Spoken like someone who has never really tried a TiVo 

FWIW - TIVO OWNERS ARE NOT PAYING A MONTHLY FEE FOR OTHERWISE FREE GUIDE DATA !!! We pay for a software license to use TiVo technology and for upgrades to the software and service, NOT just to use a dumb, time-&-channel driven VCR !

I own a 501 and 2 DirecTiVos and there is NO comparison. The 501 has always had (and probably will always have) reliability issues. Since my first round of corrupted and erased recordings I have never trusted the 501 to record and store what I tell it to, and the interface is still sorely lacking. Want to set up a weekly recording, then interrupt it for one week for a single special event ? Sorry, can't do that on a 501 or a 508. And don't get me started on back-to-back recordings and cold start timer events.

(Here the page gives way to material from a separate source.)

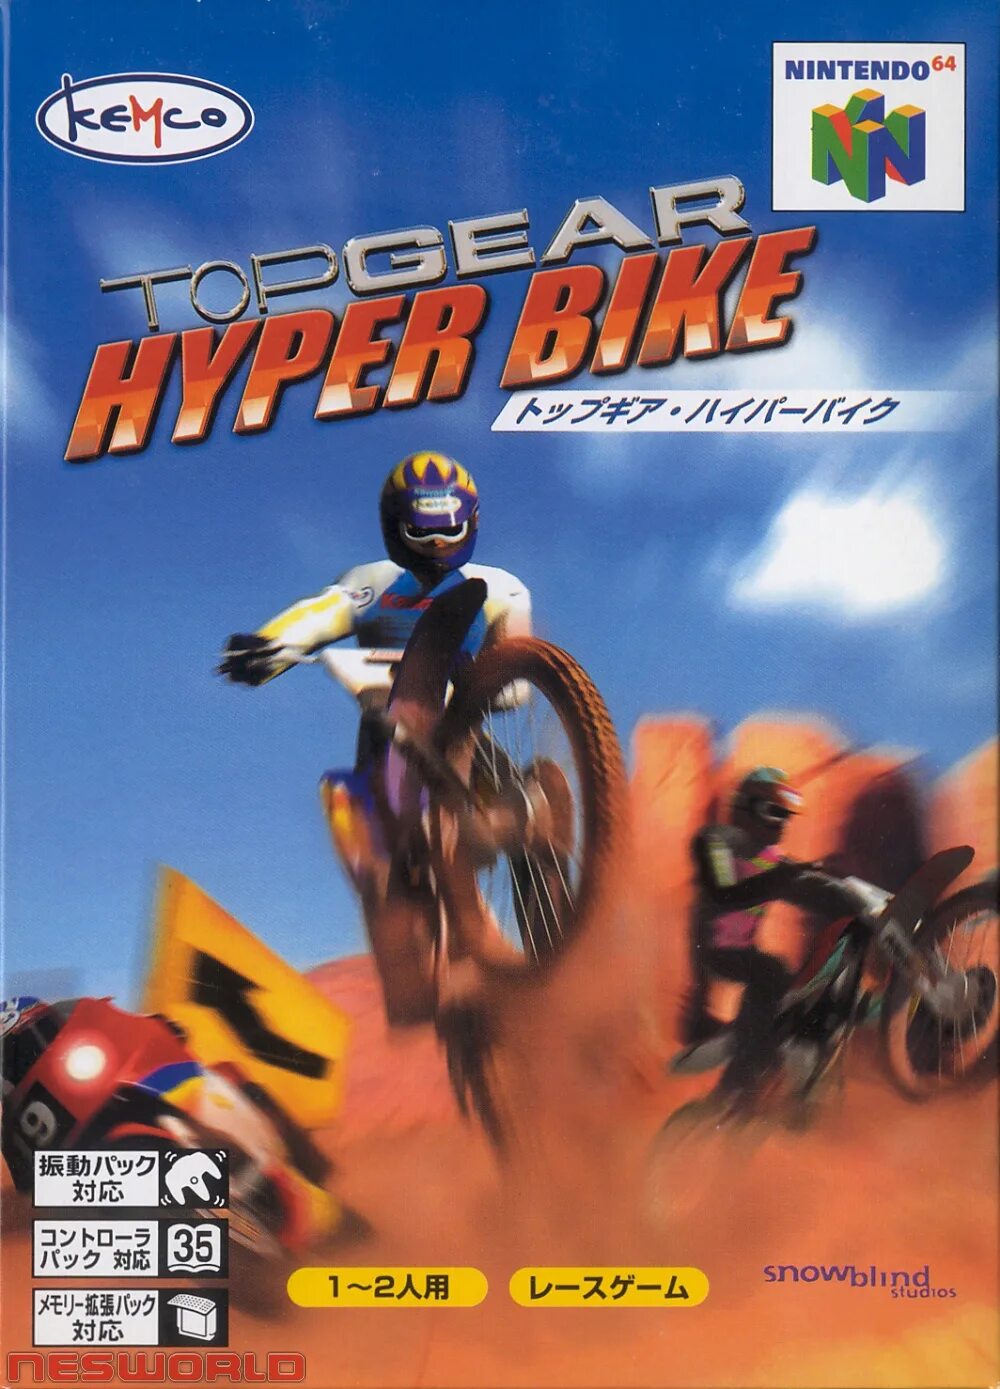 Top Gear Hyper Bike Turbo Nintendo 64. Top Gear Overdrive Nintendo 64. Нинтендо 64 игры.

My DirecTiVos ALWAYS record what I tell it to record, never erase anything unless I say so, and find what I tell it I like regardless of when or where its on. Recently DARIA began running on Noggin, a channel I never watch. TiVo started recording it and voila - a hard drive with lots of Daria episodes without having to search a guide or program anything beyond one-time instructions telling my TiVo to look for Daria. It also finds shows it believes I will like and suggest them. I have the auto-record turned off for suggestions but I check the list a couple of times a week and have recorded lots of shows I didn't know were going to be on.

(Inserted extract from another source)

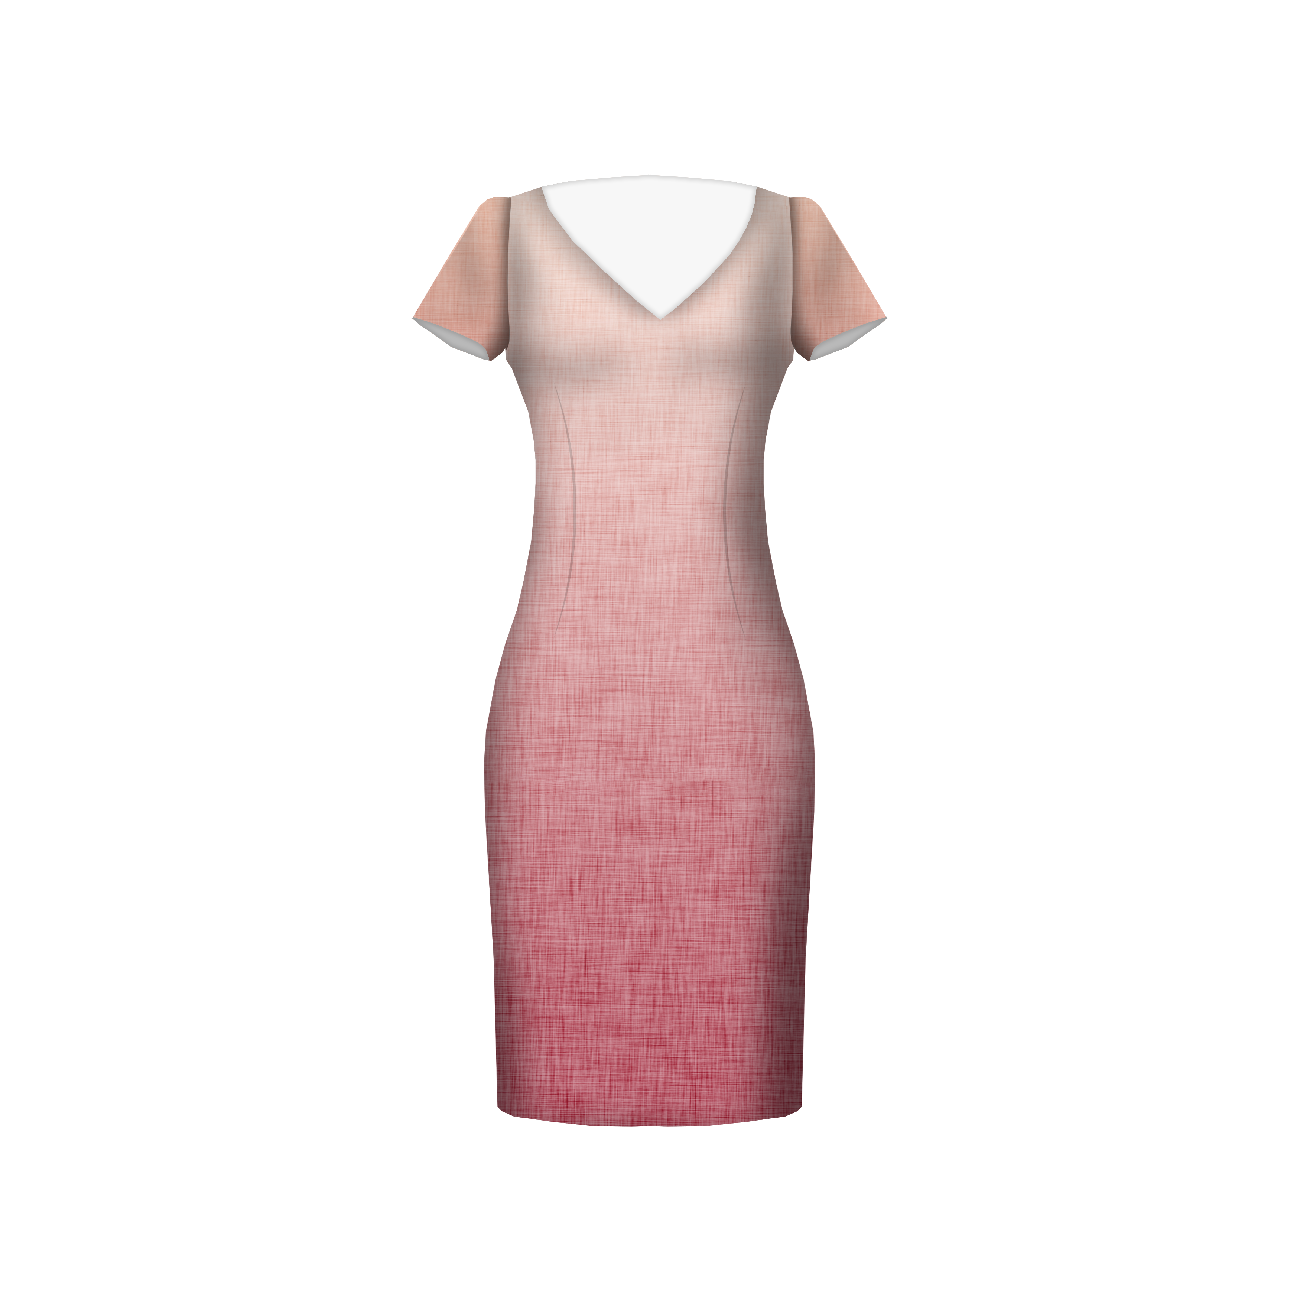 OMBRE / ACID WASH - fuksja (blady róż) - panel sukienkowy Len 100%

The $10 fee I pay to Directv every month for TiVo service is the most satisfying and useful part of my bill. I also paid $100 each for my DirecTiVos while my 501 was given to me free as a new customer (not leased, I own it outright). Even free the 501 just is not the better deal.


----------



## jst4fun001

> _Originally posted by spanishannouncetable _
> *
> 
> $12.95 for each SA TiVo, $10 for all DirecTiVos on the same Directv account. 2 DirecTiVos on my account = $5 each to use them.
> 
> "Even at $10 though, I still have a problem paying for what is essentially an electronic TV guide that is available free on the internet. Although I do like the overall Tivo look/feel/software."
> 
> Spoken like someone who has never really tried a TiVo
> 
> FWIW - TIVO OWNERS ARE NOT PAYING A MONTHLY FEE FOR OTHERWISE FREE GUIDE DATA !!! We pay for a software license to use TiVo technology and for upgrades to the software and service, NOT just to use a dumb, time-&-channel driven VCR !
> 
> I own a 501 and 2 DirecTiVos and there is NO comparison. The 501 has always had (and probably will always have) reliability issues. Since my first round of corrupted and erased recordings I have never trusted the 501 to record and store what I tell it to, and the interface is still sorely lacking. Want to set up a weekly recording, then interrupt it for one week for a single special event ? Sorry, can't do that on a 501 or a 508. And don't get me started on back-to-back recordings and cold start timer events.
> 
> My DirecTiVos ALWAYS record what I tell it to record, never erase anything unless I say so, and find what I tell it I like regardless of when or where its on. Recently DARIA began running on Noggin, a channel I never watch. TiVo started recording it and voila - a hard drive with lots of Daria episodes without having to search a guide or program anything beyond one-time instructions telling my TiVo to look for Daria. It also finds shows it believes I will like and suggest them. I have the auto-record turned off for suggestions but I check the list a couple of times a week and have recorded lots of shows I didn't know were going to be on.
> 
> The $10 fee I pay to Directv every month for TiVo service is the most satisfying and useful part of my bill. I also paid $100 each for my DirecTiVos while my 501 was given to me free as a new customer (not leased, I own it outright). Even free the 501 just is not the better deal. *


Woops, didn't mean to offend the Tivo crowd. Glad I finally understand the $10 vs. $13 monthly charge. And actually I do understand that you get more than a channel guide.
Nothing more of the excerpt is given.